Separation of space into inner (close to parent ion) and outer (far away) regions of space. Adapted from [36]

The analytic R-Matrix (ARM) method [36, 38] separates space into an inner region (Coulomb & Laser field considered) and an outer region (Coulomb field neglected, eikonal-Volkov approximation), as illustrated in Fig. 5. The disadvantage of this method is the challenge of choosing proper integration contours for each trajectory.

Fig. 6

Illustration of rescattering and transmitting quantum trajectories under the potential barrier. Adapted from [90]

The under-barrier recollision theory [90] specifically includes interference between under-barrier rescattered and direct trajectories, as shown in Fig. 6. This leads to a shift in the momentum wave packet peak, which can be interpreted as a delay. However, this method ignores Coulomb corrections.

4.1.3 Hybrid quantum-classical method

The backpropagation method [39, 42, 43] is a hybrid quantum-classical approach offering a unique perspective on the tunnelling process. It combines a fully quantum calculation of the ionisation process with forward propagation utilising TDSE solution, followed by a transcription of the resulting ionised quantum wave packet into classical trajectories, and a subsequent propagation of the trajectories backward in time, see Fig. 7 for a sketch. Another variant of the backpropagation method would be putting a sphere of virtual detectors [91,92,93,94,95,96] around the target, where the flux is converted into classical trajectories during the laser pulse on the fly [53, 97].

Fig. 7

Concept of the backpropagation method

Why backpropagation? Firstly, as everyone agrees, tunnelling is a purely quantum process. Introducing a tunnelling barrier into the description of tunnelling ionisation, however, brings in clearly classical elements into the picture. Namely, tunnelling is now depicted with local tunnelling exit positions and momenta, which calls for a classical formulation. Secondly, due to quantum nonlocality, the portion of the wave packet that would eventually be freed and the portion that would finally remain bound can not be separated during the tunnelling process. A separation is only possible in the far field, when these two portions are spatially detached. These are exactly the design philosophy of the backpropagation method, a hybridisation of quantum forward and classical backward propagation. It combines the advantages of the quantum and classical methods by offering the capability to include the full Hamiltonian and quantum tunnelling dynamics while retaining the local information from the classical trajectories. It also naturally includes nonadiabatic tunnelling effects, automatically remove the offset angle from Coulomb effects, and retrieves the electron characteristics at the tunnel exit.

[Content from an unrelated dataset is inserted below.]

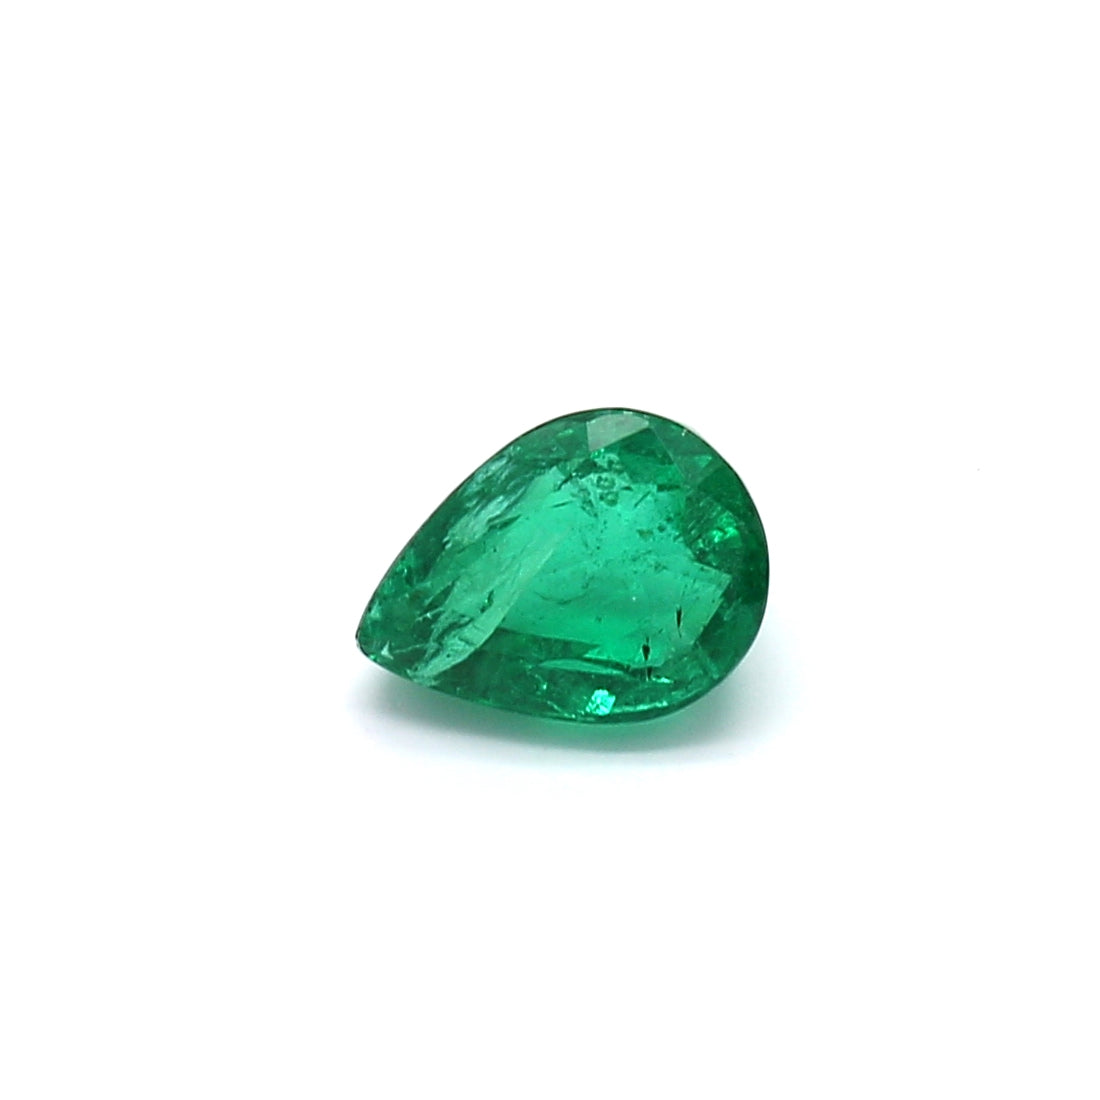 0.98ct Pear Shape Emerald, Minor Oil, Ethiopia - 7.43 x 5.50 x 3.86mm
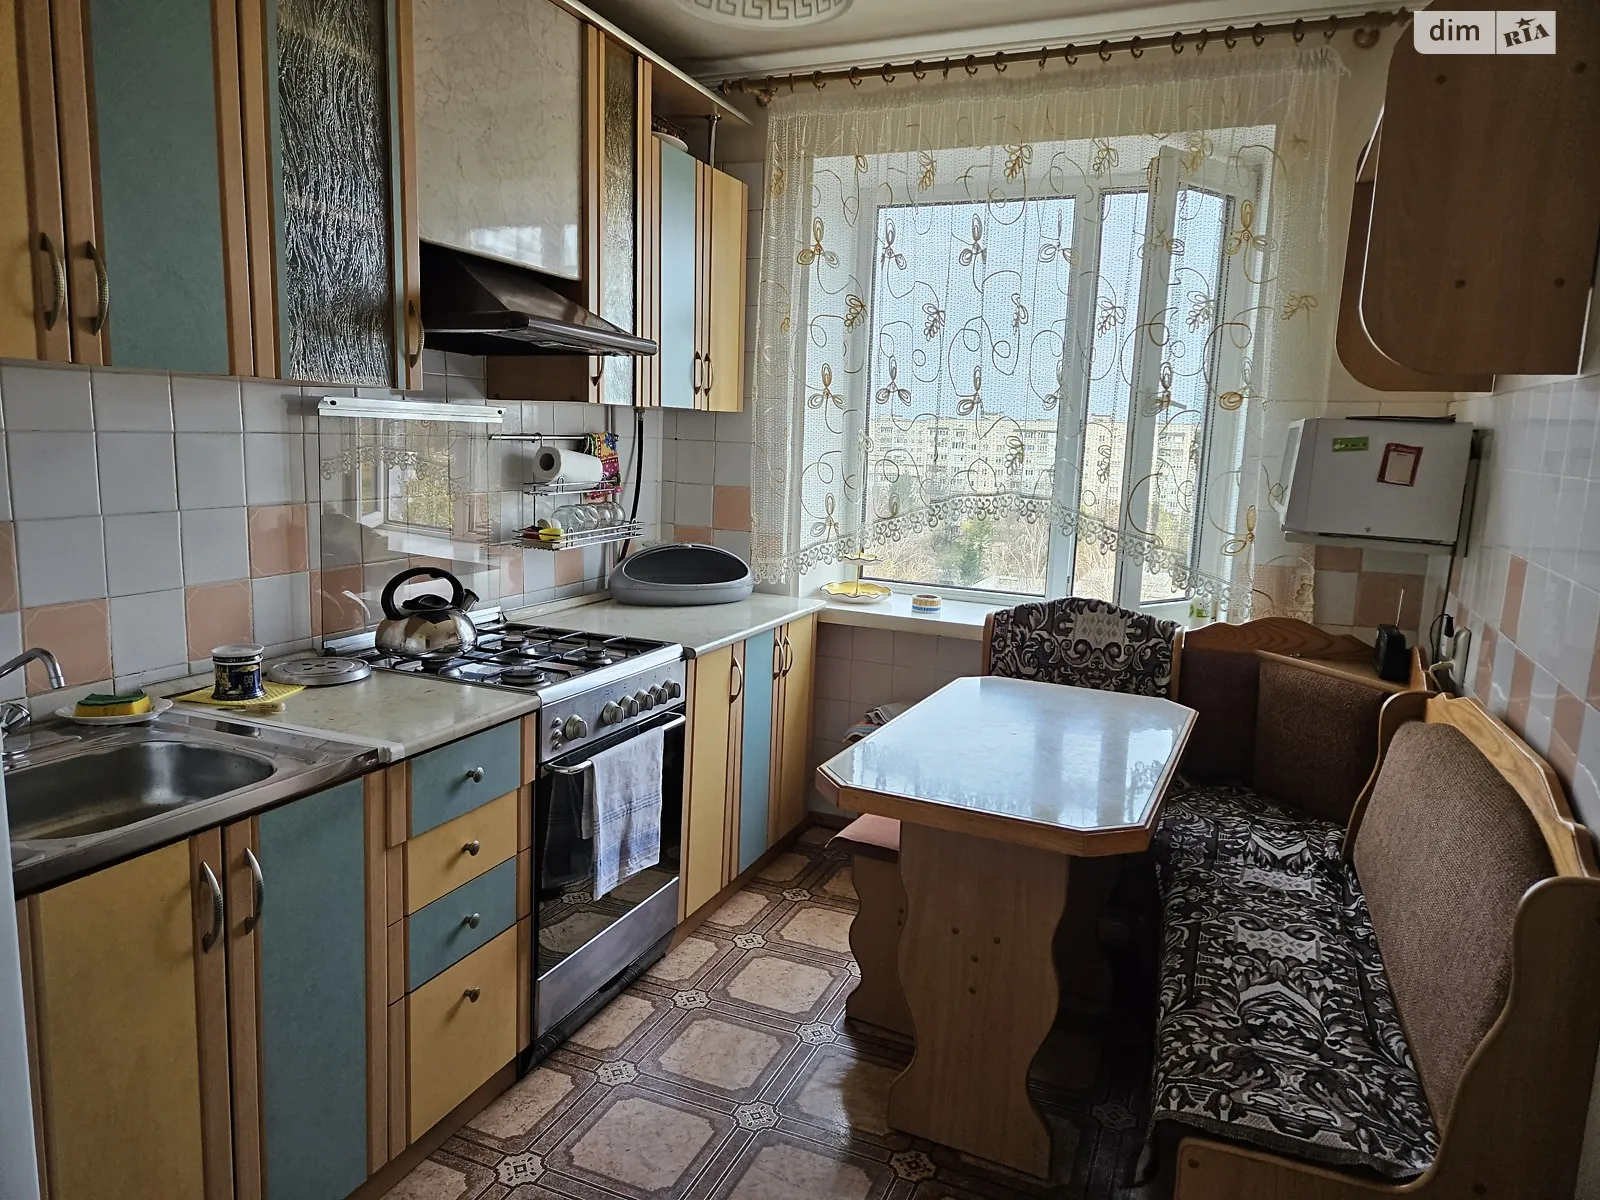 3-кімнатна квартира 65 кв. м у Луцьку, цена: 10000 грн

The classical backpropagating trajectories may be stopped whenever a certain condition is met, which defines the tunnel exit, yielding highly differential information of the tunnel exit. In this manner, the backpropagation method may act as a common ground to compare different definitions of tunnelling. It was found that a vanishing tunnelling time results if the tunnel exit is defined in the momentum space when the velocity of the trajectory vanishes in the instantaneous field direction (the velocity criterion), while defining the tunnel exit as a certain position in the coordinate space (the position criterion) gives rise to a finite tunnelling time [39, 43]. Different definitions of the tunnel exit were thus believed to be the origin of the tunnelling time debate. It was further argued that the position criterion leads to inconsistencies and difficulties and thus the velocity criterion is favoured as the definition of the tunnel exit, and the tunnelling time delay should thus vanish [39, 43].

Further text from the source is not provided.